I write as a call to everyone not to feel overwhelmed by the enormity of the current refugee crisis, but to focus on the little things that we as individuals can do – by Kirsty Carter
It’s been two weeks since I returned from northern Greece where I had the opportunity to volunteer in two refugee camps, Kalochori and Sindos, both run by the Greek military. I was there for only a week, working with Nurture Project International.
* Please note that names have been changed in this article for privacy.
When I arrived in Greece, I spent the first few days feeling somewhat frustrated at bureaucracy and a general feeling of having our hands tied in certain situations.
There was the example of Nour*, the young mother who had just given birth to her first baby less than three weeks before I met her, at 34 weeks gestation. The baby had been born in hospital and was still in-house, but the most shocking thing to me was that the mother had not even touched or held her baby yet, and was having to adhere to “visiting hours” of one hour twice daily.
Given that Nour was in the camp, visits more than once a day were impossible, and even that was not being achieved. Despite having the involvement of several people from different organizations, trying to communicate with the hospital, Nour still hadn’t held her baby by the time I left Greece, and it wasn’t clear to anyone whether the breastmilk she had been expressing in the camp was being given to the baby.
Both times I saw Nour, she looked worn out and sad, to be expected given her situation.
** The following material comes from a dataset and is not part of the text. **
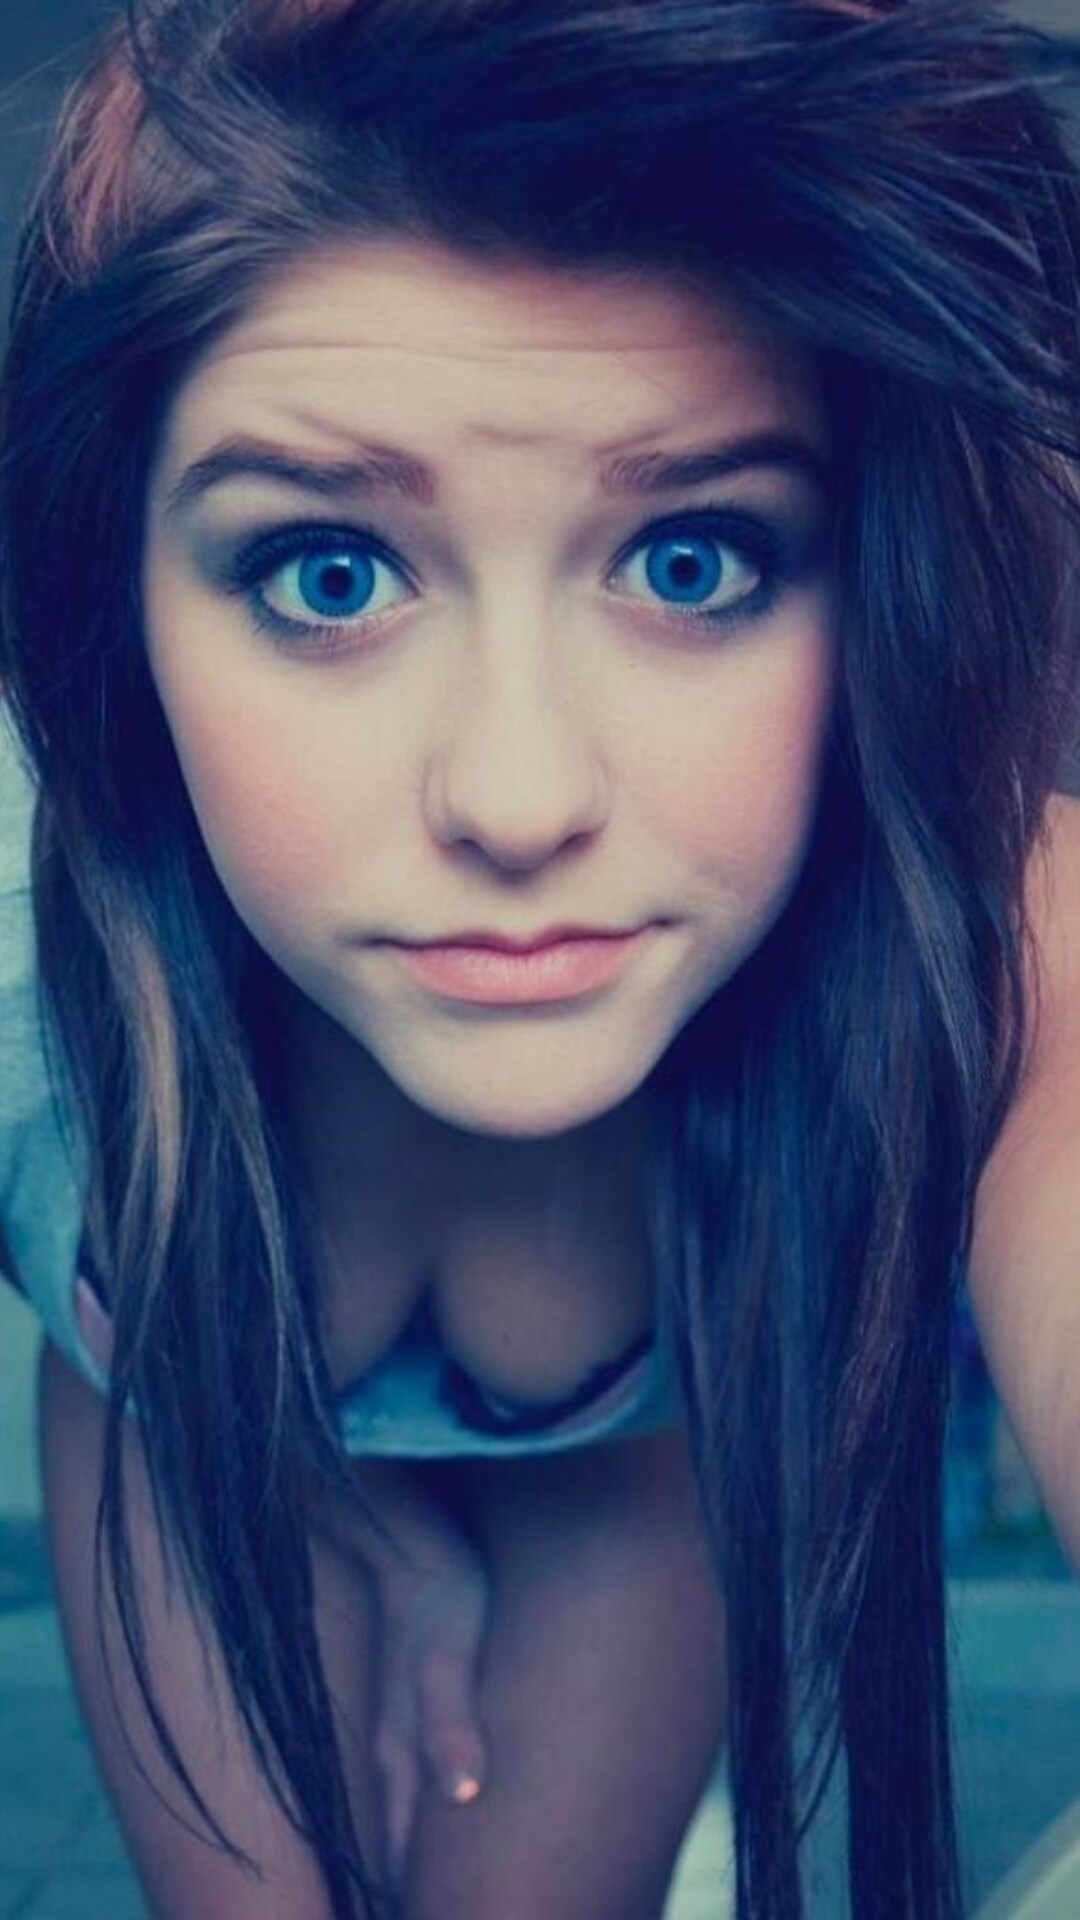 1080x1920 blue eyes cute teen girl iphone 7 6s 6 plus  pixel xl  one plus 3 3t 5 hd 4k
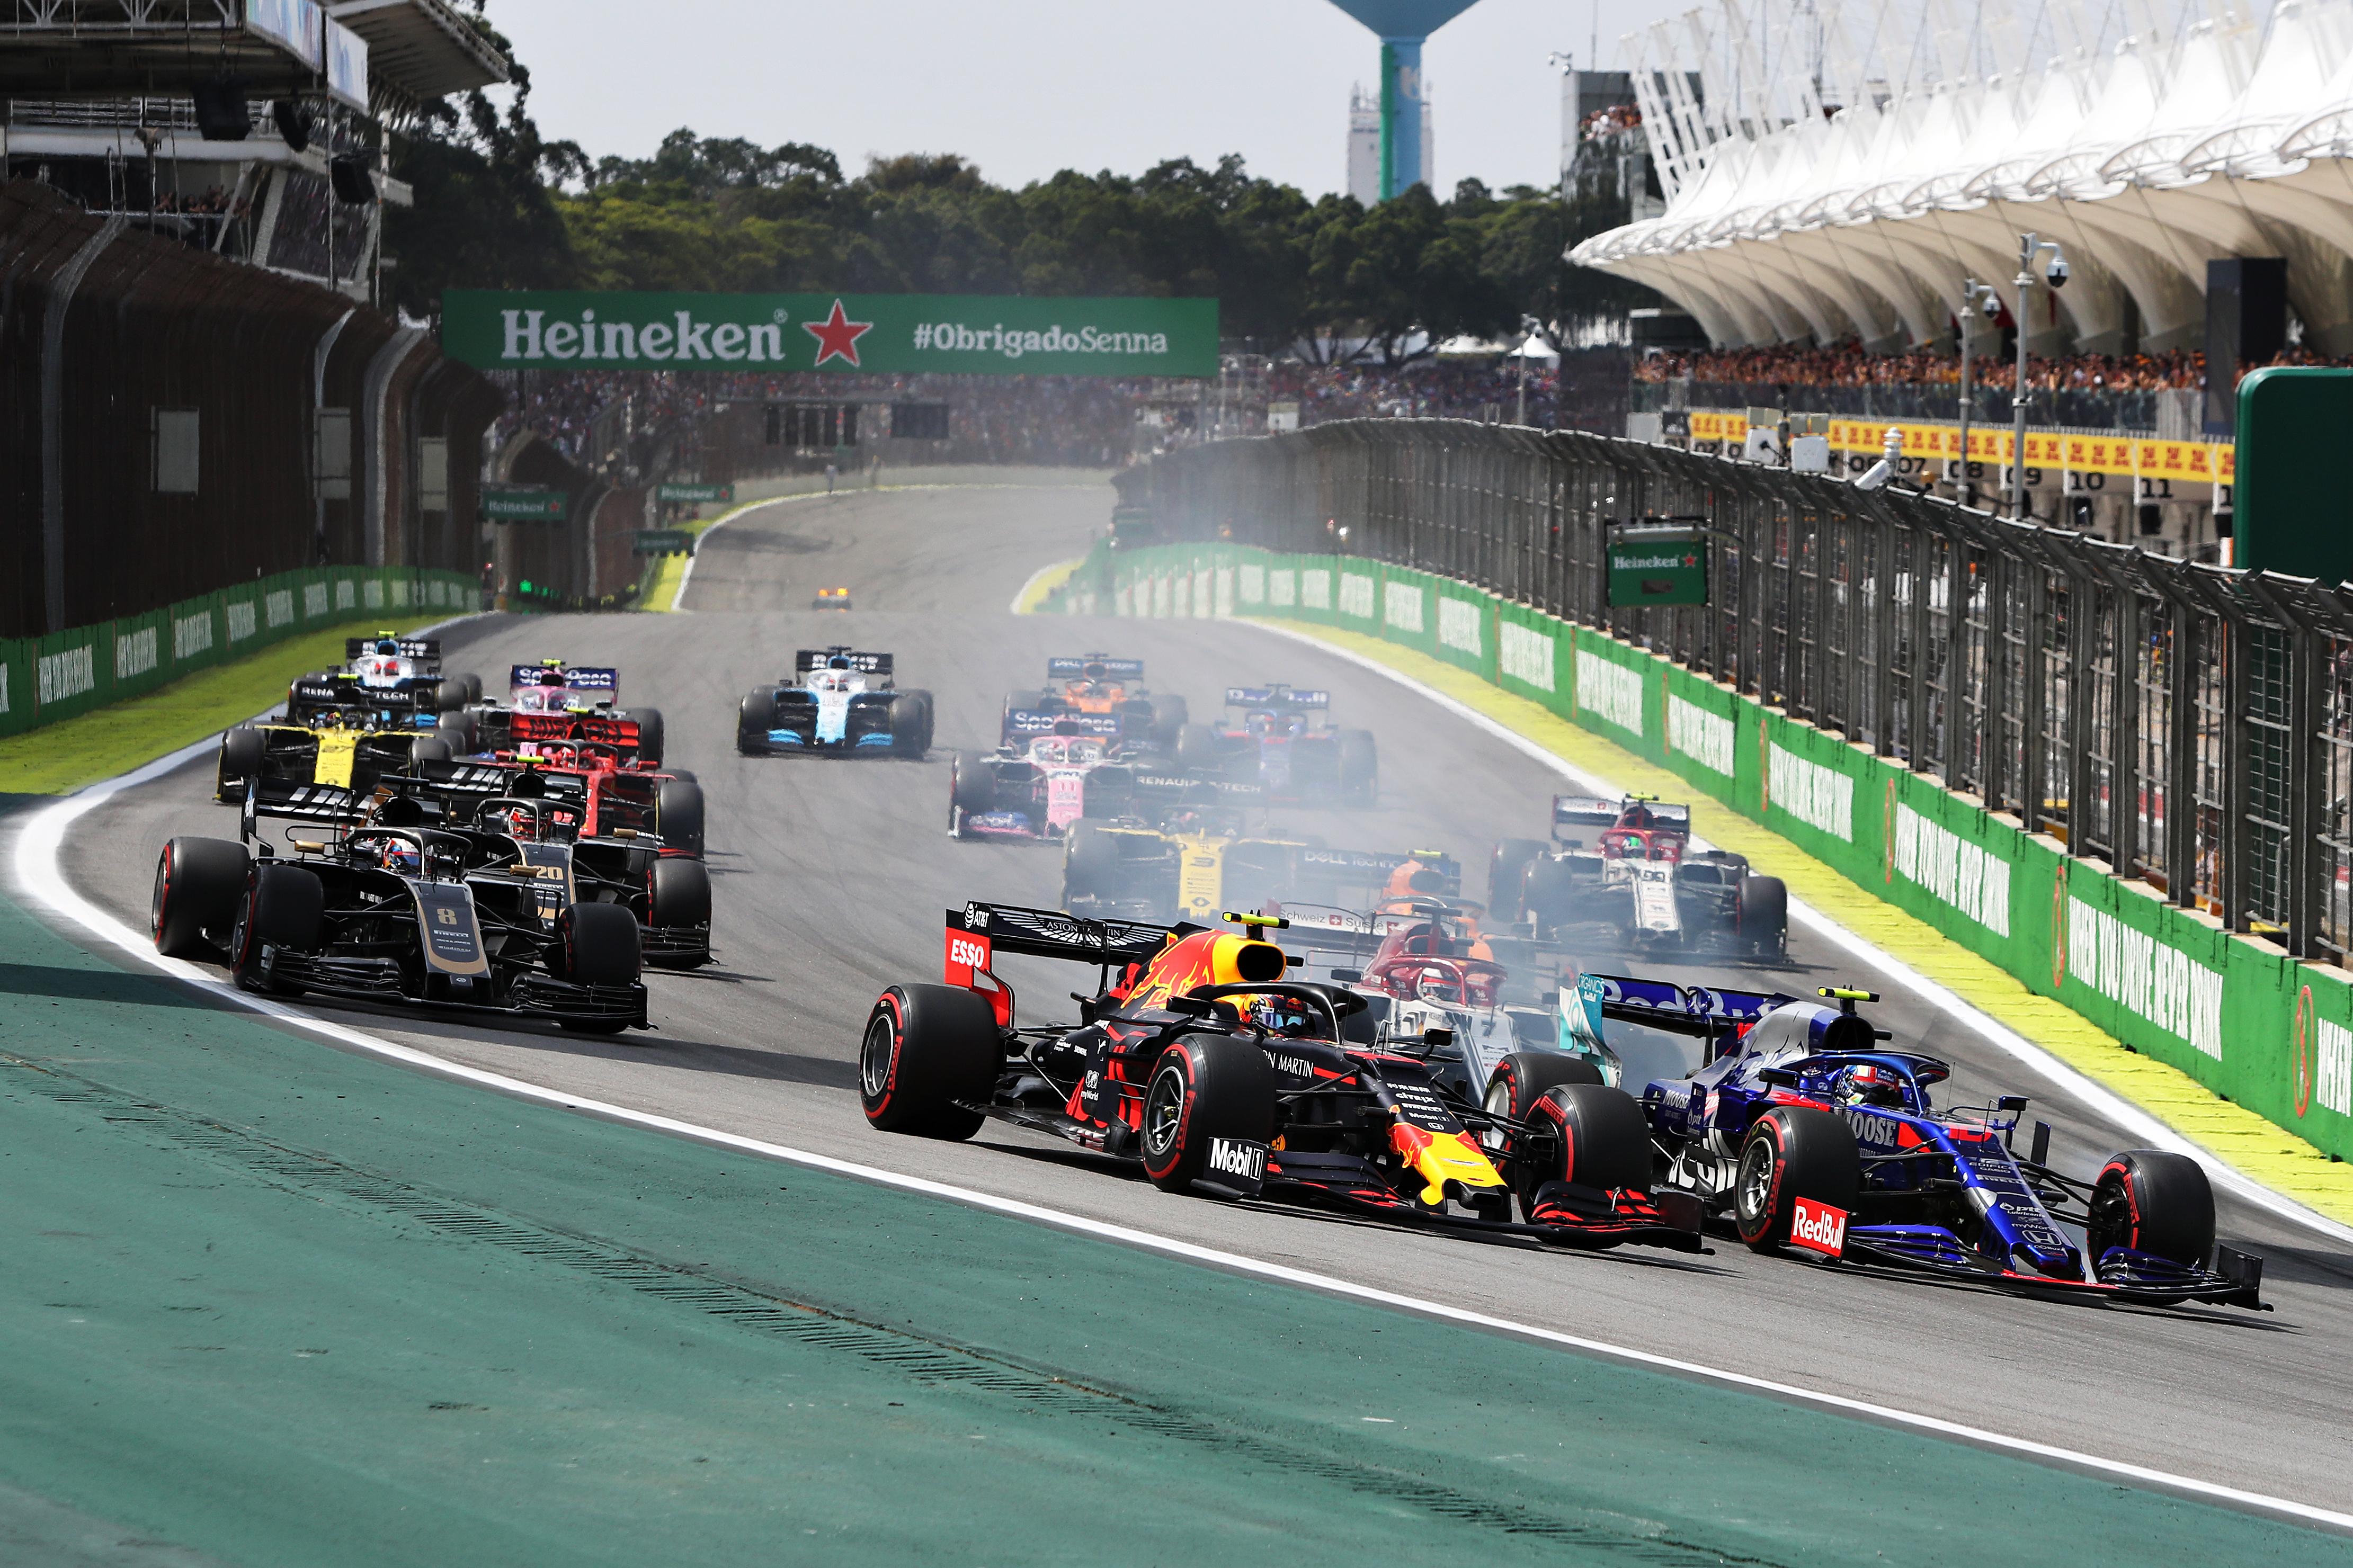 F1 plans 'normal' 23-race calendar for 2021

It was incredibly frustrating to witness.
And I felt particularly angry and overwhelmed if I stopped and looked around at the camps and remembered that all those people were there, without freedom of movement, waiting in a limbo for who knows how long.
And that’s when I realized that the difference that we can make may seem so small, but it can mean the world to those for whom you’re doing it.
For Nour, she felt the frustration and sadness about not being with her baby, but I know she appreciated having people try to fight the system for her.
For the old lady who came into our container every day, and cried and rocked the breastfeeding demo doll back and forth; she appreciated having someone massage her neck, her hands and give her a hug.
For the kids who came outside the factory building to the cold concrete slab that was their “play area”; they appreciated having some chalk to draw hopscotch, ropes to jump and bubbles to blow into the sunlight.
For the Elbaz* family, who invited me into their home and fed me coffee, tea and hot sandwiches; they appreciated having someone to listen as they told their stories and showed videos and photos, of their journey from Syria to Greece, which they hoped would reach a happy conclusion within a month as they awaited family reunification in Munich, Germany.
For Sayid*, who along with his pregnant wife, had walked with two bags on his back and carrying his son, sometimes in the dark to avoid military along the route, and who had paid 30 times more than a tourist would pay to cross via boat from Turkey to Greece; he appreciated empathetic ears.
For the mothers who came into the tents to bathe their babies in warm, clean water; they appreciated having a safe and cozy space to go with their kids.
And as such, I appreciated having this experience. I felt nothing but graciousness from everyone in the camps and by the time I left Greece I was incredibly positive about the tiny mark that I had left and energized to do more.
The differences that we can make may seem small, but next time you feel an urge to make a difference, or you read an article about this crisis that makes you angry, consider translating it into action. It can make a world of difference to people’s lives and it will truly enrich your own.